Zhou Erjin: Definitions vary. I see it as out-of-the-box usability with scenario generalization and guaranteed accuracy. Your model and hardware should work not just in your lab but anywhere.

This could involve simple tasks like pick-and-place (moving objects from point A to B), which already address many problems. Achieving error-free performance across diverse scenarios and objects would represent a significant leap beyond existing models.

Theory of Intelligent Evolution: Could you clarify “out-of-the-box” with an example? Would downstream manufacturers simply deploy our models?

Zhou Erjin: We’ll initially bind our models to our own hardware, as our proprietary hardware and algorithms are optimally aligned. On our platforms, we aim for out-of-the-box basic actions. We break down generalization into four dimensions: objects, scenarios, tasks, and hardware configurations, with difficulty increasing sequentially. Our primary focus is on the first three. Hardware adaptation involves a learning process—like a large model unfamiliar with German needing fine-tuning with German data to become proficient.

Theory of Intelligent Evolution: What’s overhyped and what’s underestimated in the industry?

Zhou Erjin: Compared to large models, embodied AI isn’t overhyped—if anything, it lacks sufficient attention. Expectations for general-purpose robots remain consistently underestimated.

I believe data investment is still insufficient. Many large-scale data efforts originate overseas, proving their viability, while we follow. The industry needs greater, more resolute commitment to data investment.

Theory of Intelligent Evolution: What challenges does the industry face with real-world data?

Zhou Erjin: Balancing cost, scale, and precision is key. Scaling up while controlling costs makes it hard to maintain both scale and high precision.

For broad scenario generalization (e.g., human or egocentric data), precision is low but volume is high. For precise execution of specific actions, teleoperation captures high-precision joint motor signals—but at the cost of scalability.

Theory of Intelligent Evolution: What constitutes high-quality data for training embodied models?

Zhou Erjin: It depends on your goals—address deficiencies directly.

Theory of Intelligent Evolution: You use three data types: multimodal internet data, driving behavior data, and embodied multi-sensor data. Will real-world data’s share keep growing?

Zhou Erjin: Absolutely. Real-world data is the biggest variable for improving model quality. Robot data collection is just beginning to scale up, and volume can be increased rapidly.

Theory of Intelligent Evolution: You mentioned “investing data where entropy lies.” Who judges entropy—humans or systems?

Zhou Erjin: Ultimately, we aim for automated system feedback. Areas prone to errors—high information density—should be prioritized for resource allocation. Once resolved, they become trivial (like elementary math problems). But current baselines are low, so human judgment suffices for now.

Theory of Intelligent Evolution: Your “whole-body, full-time, omni-domain” data collection—what does “omni-domain” mean?

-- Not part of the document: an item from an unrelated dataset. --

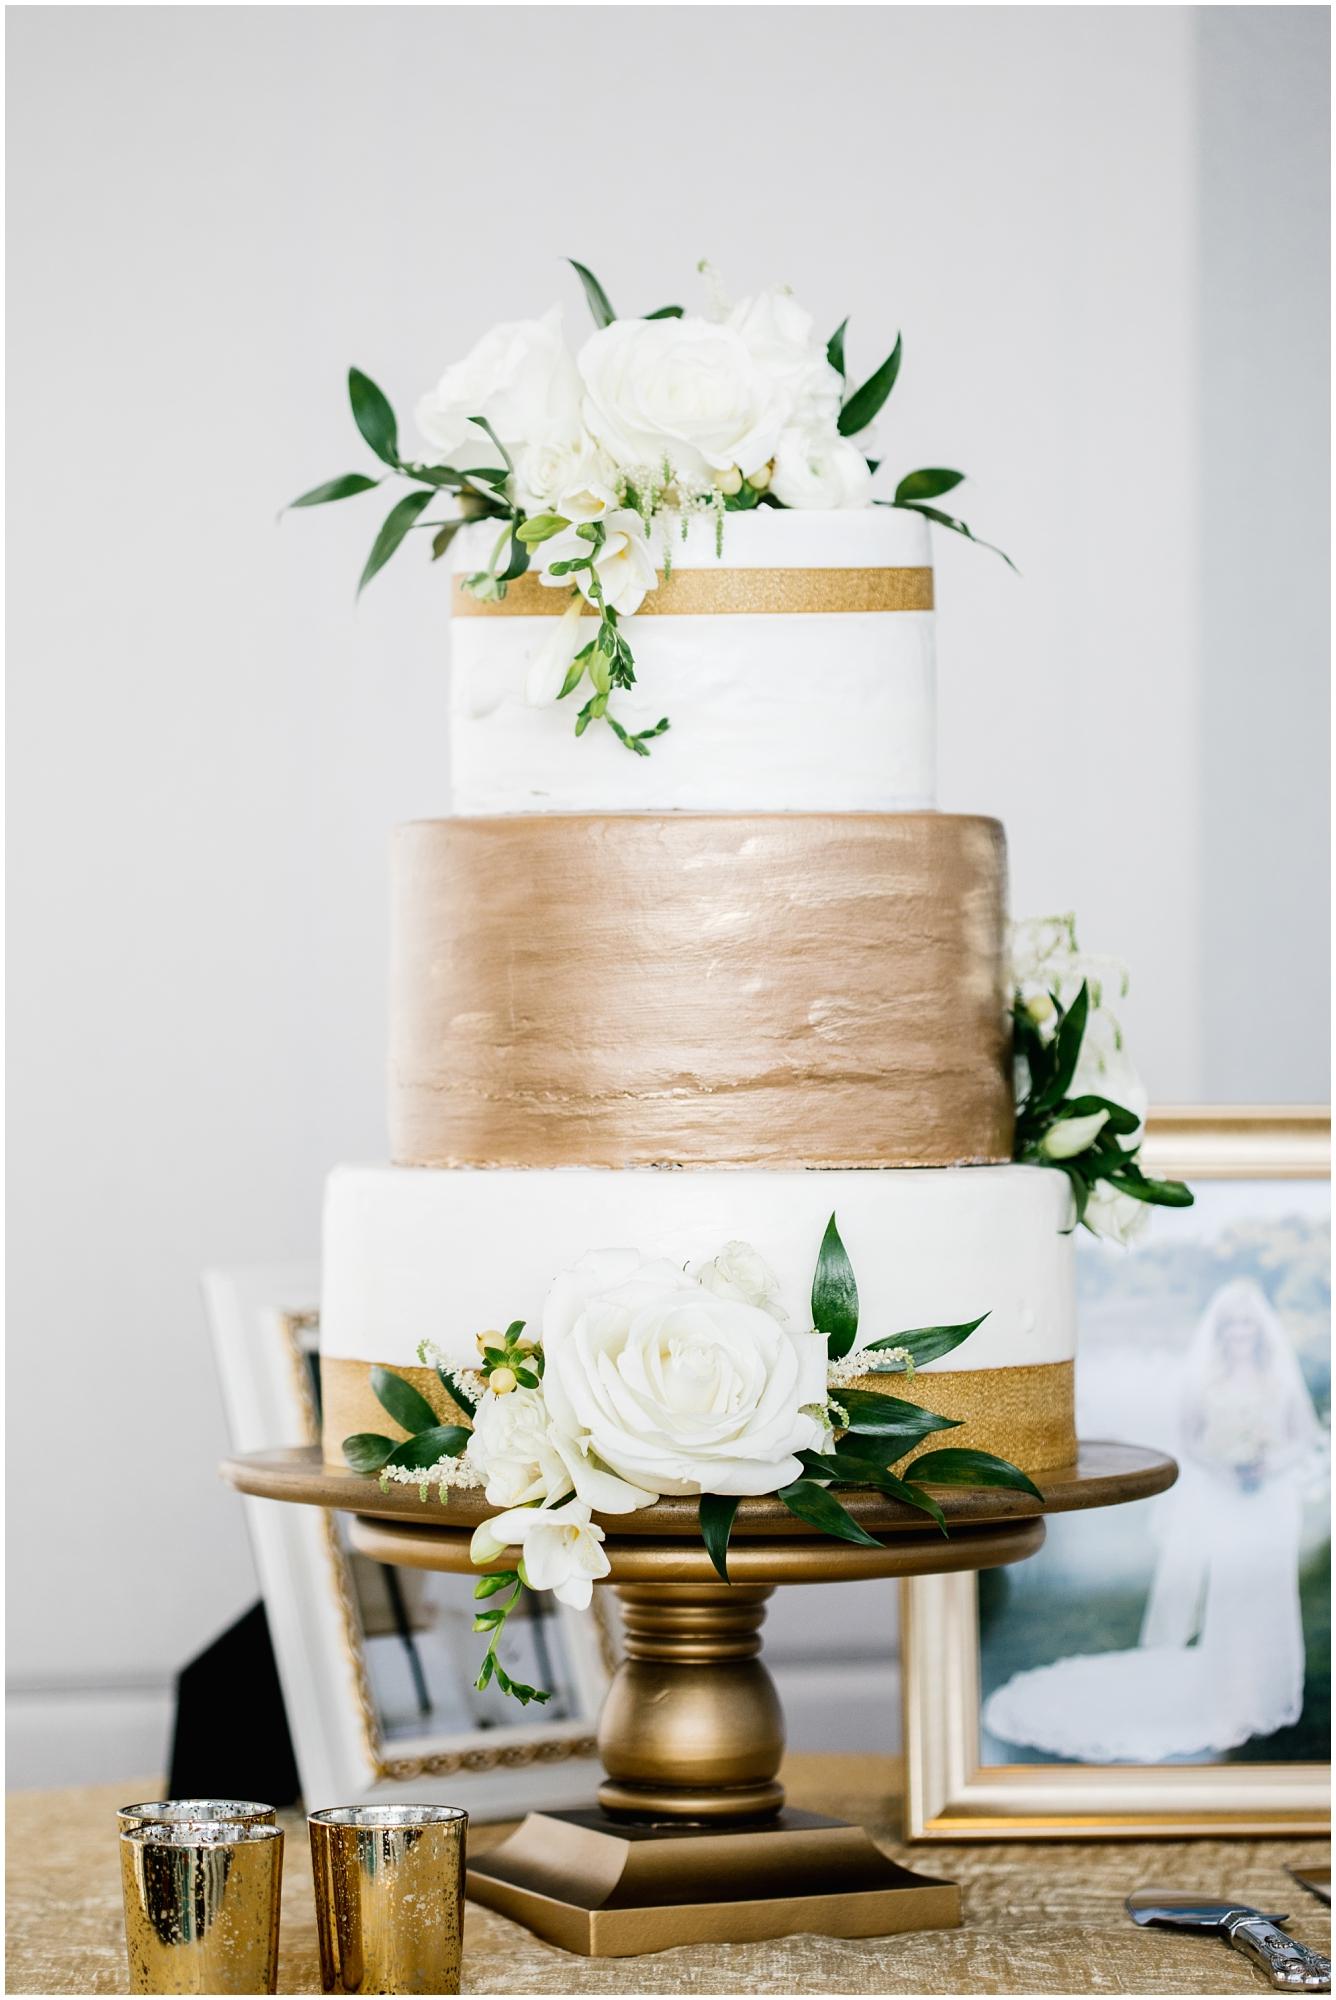 CherylandTyler-466_Lizzie-B-Imagery-Utah-Wedding-Photographer-Park-City-Salt-Lake-City-Temple-Wells-Fargo-Building.jpg
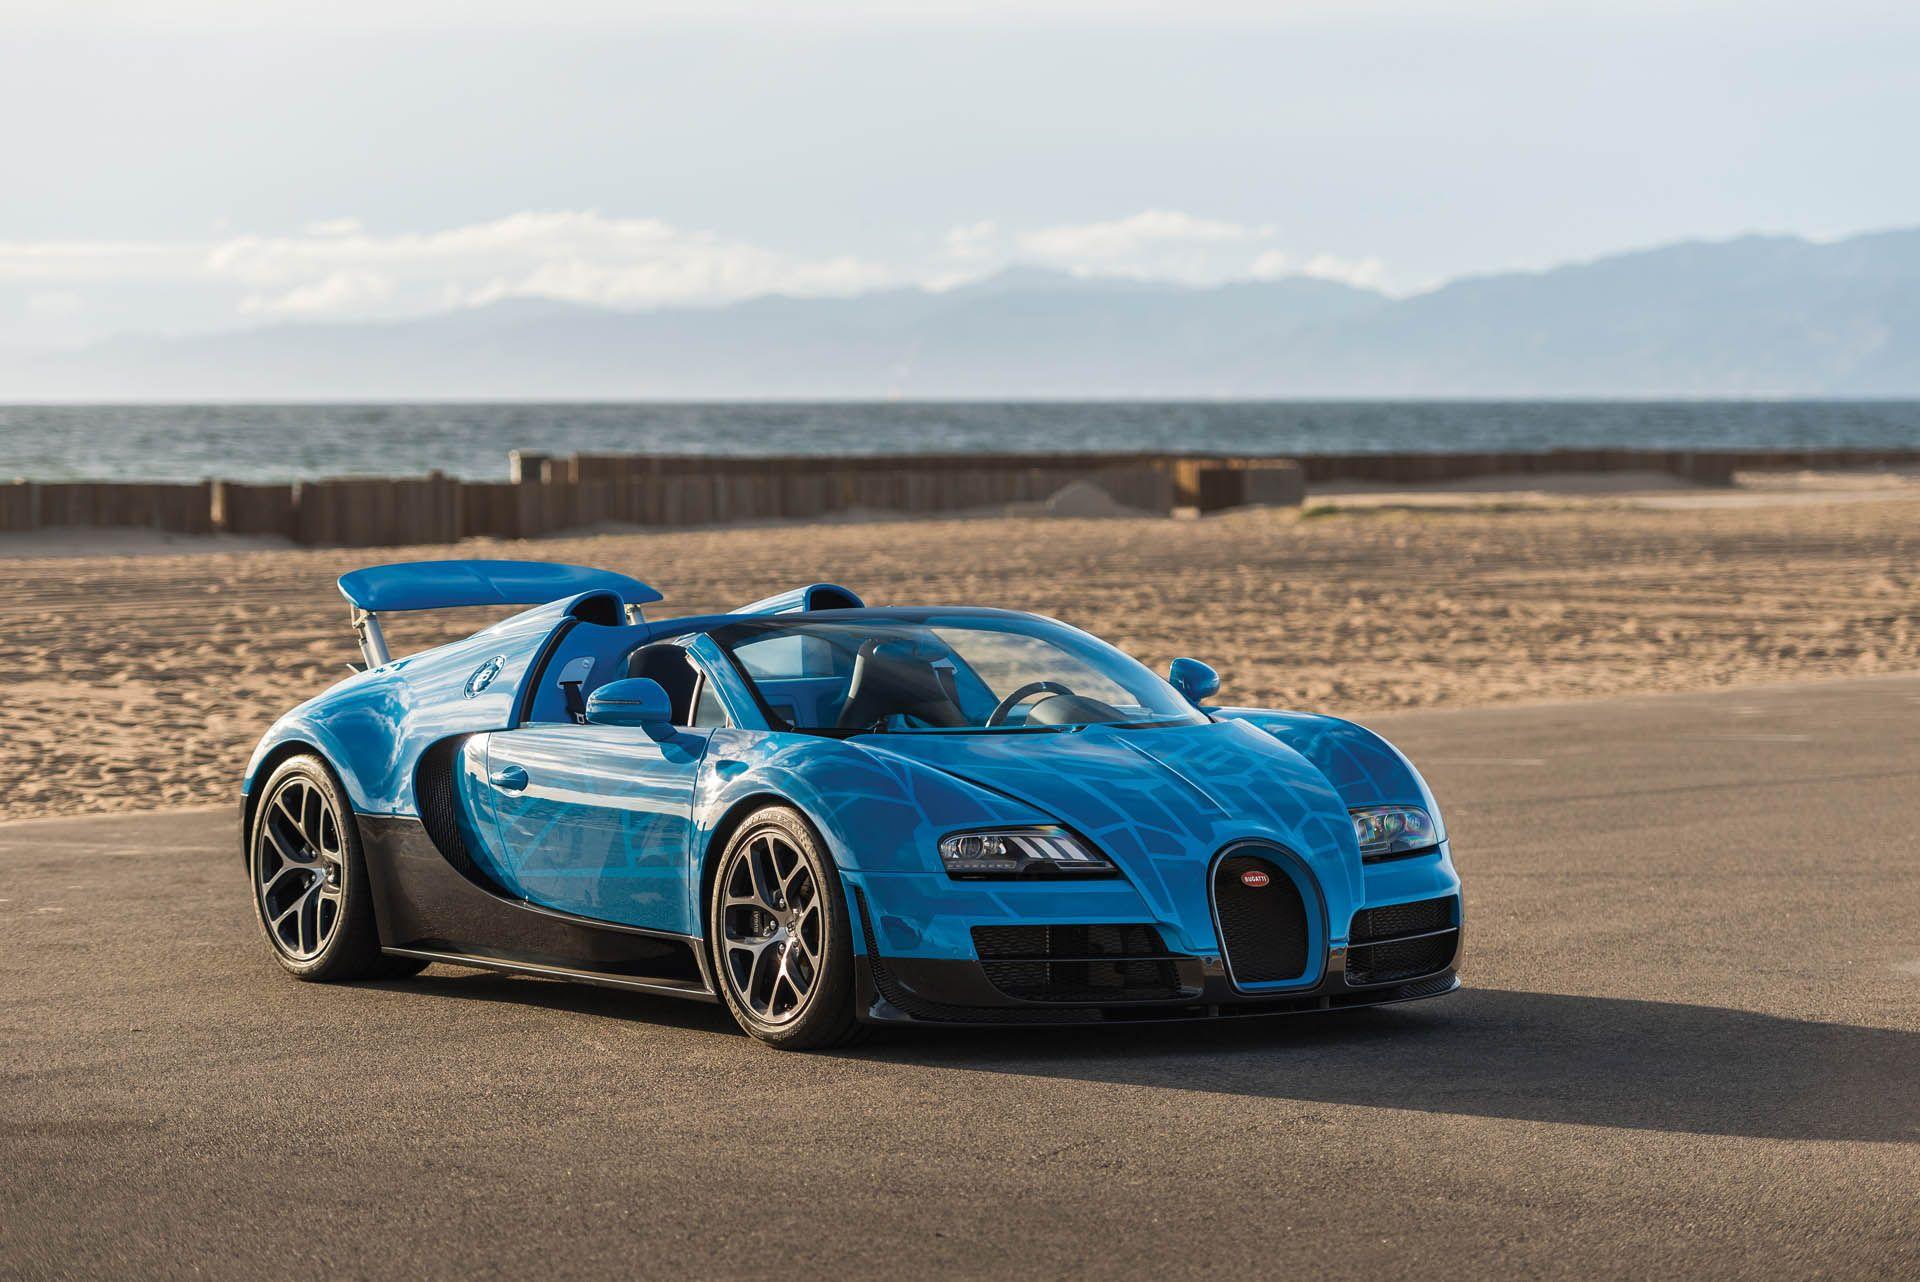 Transformers Themed Bugatti Veyron Is Heading Back To The Auction Block Bugatti Veyron Bugatti Veyron Super Sport Bugatti

Zhou Erjin: It refers to collection scenarios and locations. If robots are to eventually perform most human daily tasks, their training should cover all areas where humans currently operate.

Theory of Intelligent Evolution: How do you view first-person data collection?

Zhou Erjin: It’s highly valuable. First-person perspective is a major focus for us this year. Before large-scale robot deployment, it offers a cost-effective way to capture diverse actions across scenarios.

Models and Closed Loops

Theory of Intelligent Evolution: What’s your take on the VLA (Visual-Language-Action) pathway?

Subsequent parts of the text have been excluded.